Différentes solutions existent pour simuler le système de GPO proposé par Windows.

A défaut d'avoir eu le temps de tester les différents outils sur le marché (FOG semble un bon candidat), chacun ayant ses contraintes, nous avons développé notre propre système (très lite) qui nous suffira dans un premier temps.

Il s'agit d'un Repository Git (téléchargeable et installable lors de l'étape de finalisation de la configuration) qui va installer différents services systèmes.
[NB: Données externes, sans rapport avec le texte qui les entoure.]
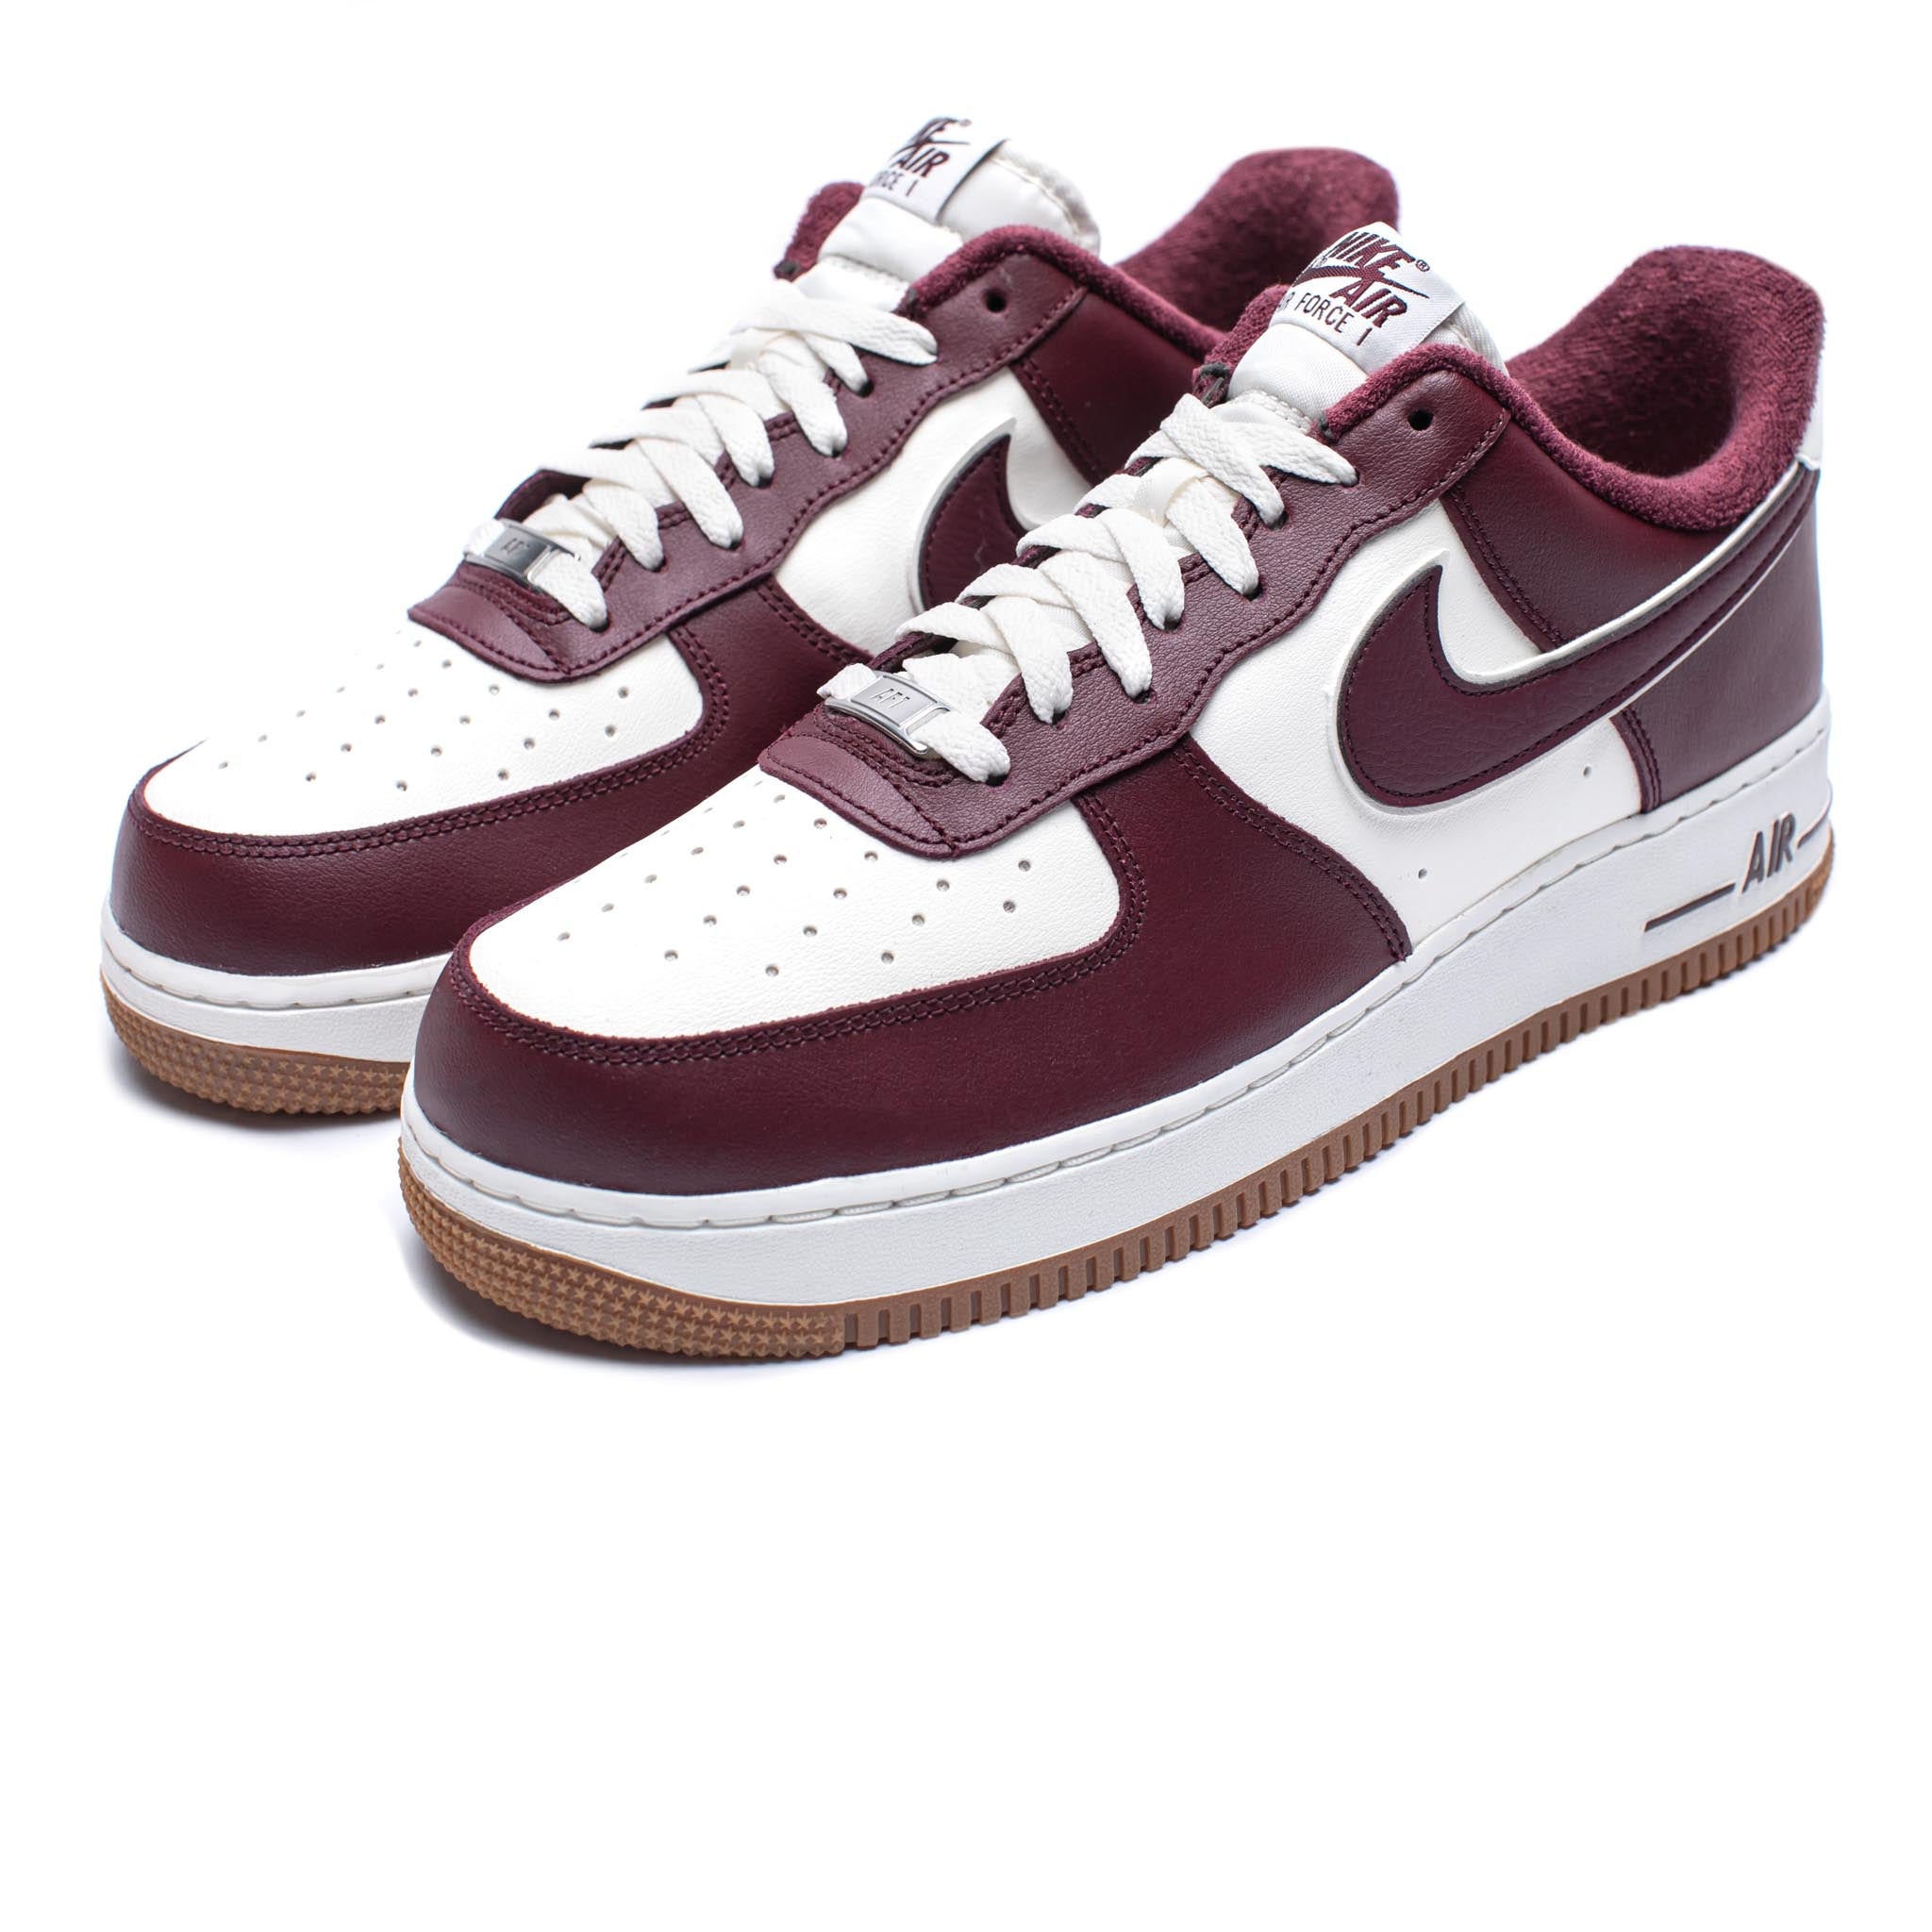 Mens Size 10.5 Nike Air Force 1 07 LV8 College Pack Sail Maroon
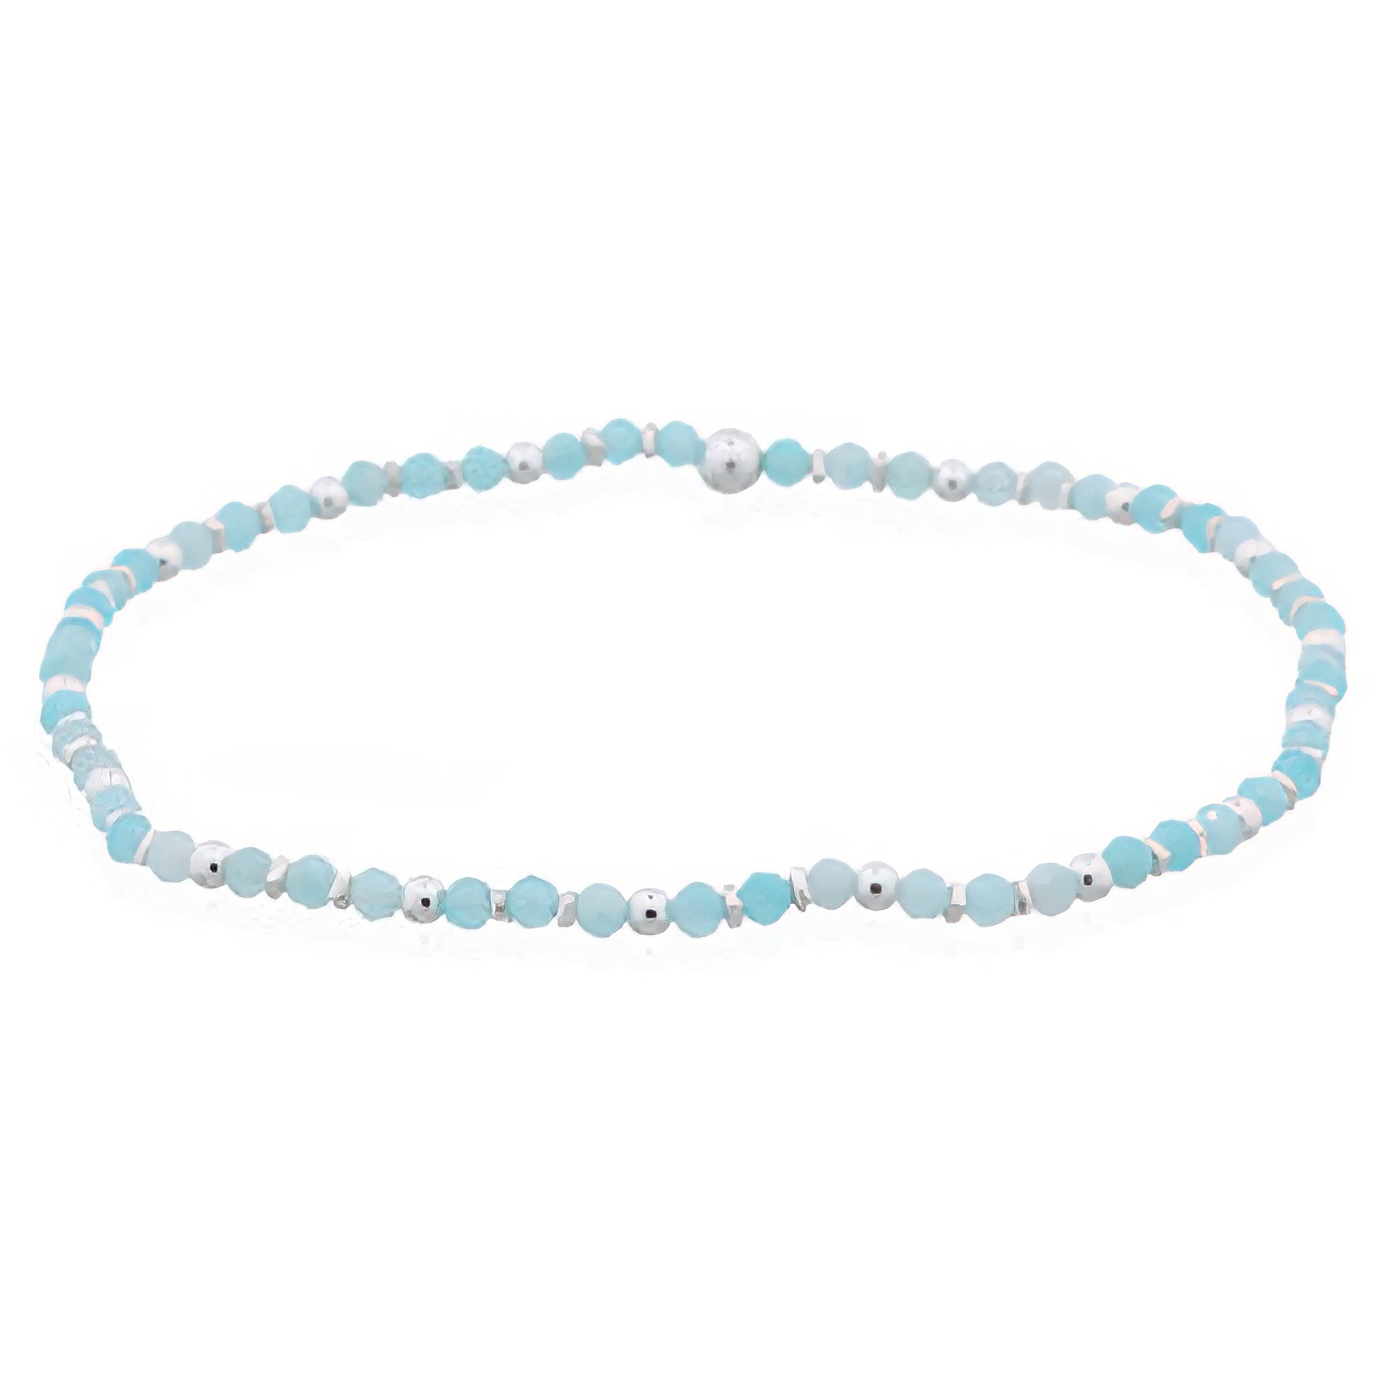 Amazonite With Round Beads Silver Spacer Stretchable Bracelet by BeYindi

Source Github : https://github.com/groupe-creative/linux-gpo

Basé sur un système de playbook Ansible, les différents services installés se charge de puller régulièrement de repository et d'exécuter le playbook pour y déployer de manière décentralisée du code et/ou des applications.

Les limitations rencontrées

Problème de drivers

Nous avons rencontrés quelques problèmes avec les drivers de cartes réseaux sur des PC récents (ainsi que sur les dongles USB/RJ45)  lors du boot PXE d'Ubuntu 21.10. L'absence de drivers réseaux rend forcément compliqué l'installation d'un OS via PXE. Ce problème était lié à l'absence de ce drivers dans le mini système d'exploitation qui est chargé en RAM (initrd / initramfs) avant de charger l'ISO pour l'installation. Ce problème a été résolu dans la version d'Ubuntu 22.04

Jouer avec le BIOS

Installer Ubuntu peut vite devenir contraignant si vous imposez du "Secure Boot" ou activez certaines options de sécurité au niveau du BIOS. Tout est faisable, à vous de trouver le juste milieu.

PXE en HTTPS

Au moment du Boot PXE on se retrouve nativement un système d'exploitation qui n'aura pas connaissance de votre autorité de certification (ce qui va poser problème si votre service PXE utilise des certificats générer par une autorité de certifications interne).

Deux possibilités:

  • Tunner la partie "boot" pour y incorporer votre CA (opération potentiellement complexe)
  • Oublier le HTTPS, vos PC démarrent en PXE sur un VLAN dédié, isolé, avec aucune information réellement à sécuriser lors de l'installation de l'OS. Une fois l'OS installé, plus de soucis, pour peut terminer la configuration en HTTPS.